→ What you should do
Each line from the material with the word "Outdoor" in it must be copied.
• • • • • • •
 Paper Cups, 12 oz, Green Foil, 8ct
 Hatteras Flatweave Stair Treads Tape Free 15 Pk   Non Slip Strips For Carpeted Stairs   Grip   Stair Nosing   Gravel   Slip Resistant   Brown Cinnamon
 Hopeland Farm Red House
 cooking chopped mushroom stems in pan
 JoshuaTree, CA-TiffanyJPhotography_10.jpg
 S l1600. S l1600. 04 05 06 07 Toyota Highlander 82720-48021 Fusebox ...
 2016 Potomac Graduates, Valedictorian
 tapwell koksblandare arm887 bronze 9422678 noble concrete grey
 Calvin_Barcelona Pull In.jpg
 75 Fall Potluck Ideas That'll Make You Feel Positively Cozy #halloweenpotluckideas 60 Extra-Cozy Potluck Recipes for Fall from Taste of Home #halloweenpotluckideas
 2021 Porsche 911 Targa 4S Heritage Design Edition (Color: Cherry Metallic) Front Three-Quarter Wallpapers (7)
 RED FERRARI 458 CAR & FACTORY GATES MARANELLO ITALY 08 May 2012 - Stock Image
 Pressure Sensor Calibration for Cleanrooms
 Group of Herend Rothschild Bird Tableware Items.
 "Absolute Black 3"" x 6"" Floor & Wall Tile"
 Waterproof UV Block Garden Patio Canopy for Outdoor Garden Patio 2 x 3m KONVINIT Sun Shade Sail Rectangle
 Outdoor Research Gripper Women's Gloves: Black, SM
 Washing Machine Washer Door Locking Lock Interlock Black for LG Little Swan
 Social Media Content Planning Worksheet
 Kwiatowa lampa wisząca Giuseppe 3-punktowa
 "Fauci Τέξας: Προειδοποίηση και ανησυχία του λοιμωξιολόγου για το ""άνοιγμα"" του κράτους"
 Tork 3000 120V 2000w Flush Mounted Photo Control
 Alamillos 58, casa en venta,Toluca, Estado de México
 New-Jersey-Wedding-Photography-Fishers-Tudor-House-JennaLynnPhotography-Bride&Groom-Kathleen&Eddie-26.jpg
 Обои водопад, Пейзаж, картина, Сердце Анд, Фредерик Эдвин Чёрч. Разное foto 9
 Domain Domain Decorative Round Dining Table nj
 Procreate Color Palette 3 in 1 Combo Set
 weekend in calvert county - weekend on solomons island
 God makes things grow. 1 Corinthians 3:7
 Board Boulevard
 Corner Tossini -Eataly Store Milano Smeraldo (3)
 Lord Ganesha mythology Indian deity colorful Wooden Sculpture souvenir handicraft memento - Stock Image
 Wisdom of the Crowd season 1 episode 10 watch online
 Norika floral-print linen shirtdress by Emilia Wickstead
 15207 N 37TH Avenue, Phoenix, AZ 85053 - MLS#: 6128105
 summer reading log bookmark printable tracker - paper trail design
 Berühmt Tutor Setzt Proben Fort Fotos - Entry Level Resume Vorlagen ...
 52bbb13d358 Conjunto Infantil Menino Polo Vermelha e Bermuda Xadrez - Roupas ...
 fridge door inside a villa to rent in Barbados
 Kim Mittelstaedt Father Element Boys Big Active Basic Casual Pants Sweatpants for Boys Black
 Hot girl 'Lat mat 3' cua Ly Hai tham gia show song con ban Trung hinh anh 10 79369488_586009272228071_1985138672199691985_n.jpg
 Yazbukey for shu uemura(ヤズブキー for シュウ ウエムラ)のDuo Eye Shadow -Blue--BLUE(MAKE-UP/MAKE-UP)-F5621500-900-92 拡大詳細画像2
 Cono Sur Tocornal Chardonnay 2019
• • • • • • •
→ Solution to this problem
 Waterproof UV Block Garden Patio Canopy for Outdoor Garden Patio 2 x 3m KONVINIT Sun Shade Sail Rectangle
 Outdoor Research Gripper Women's Gloves: Black, SM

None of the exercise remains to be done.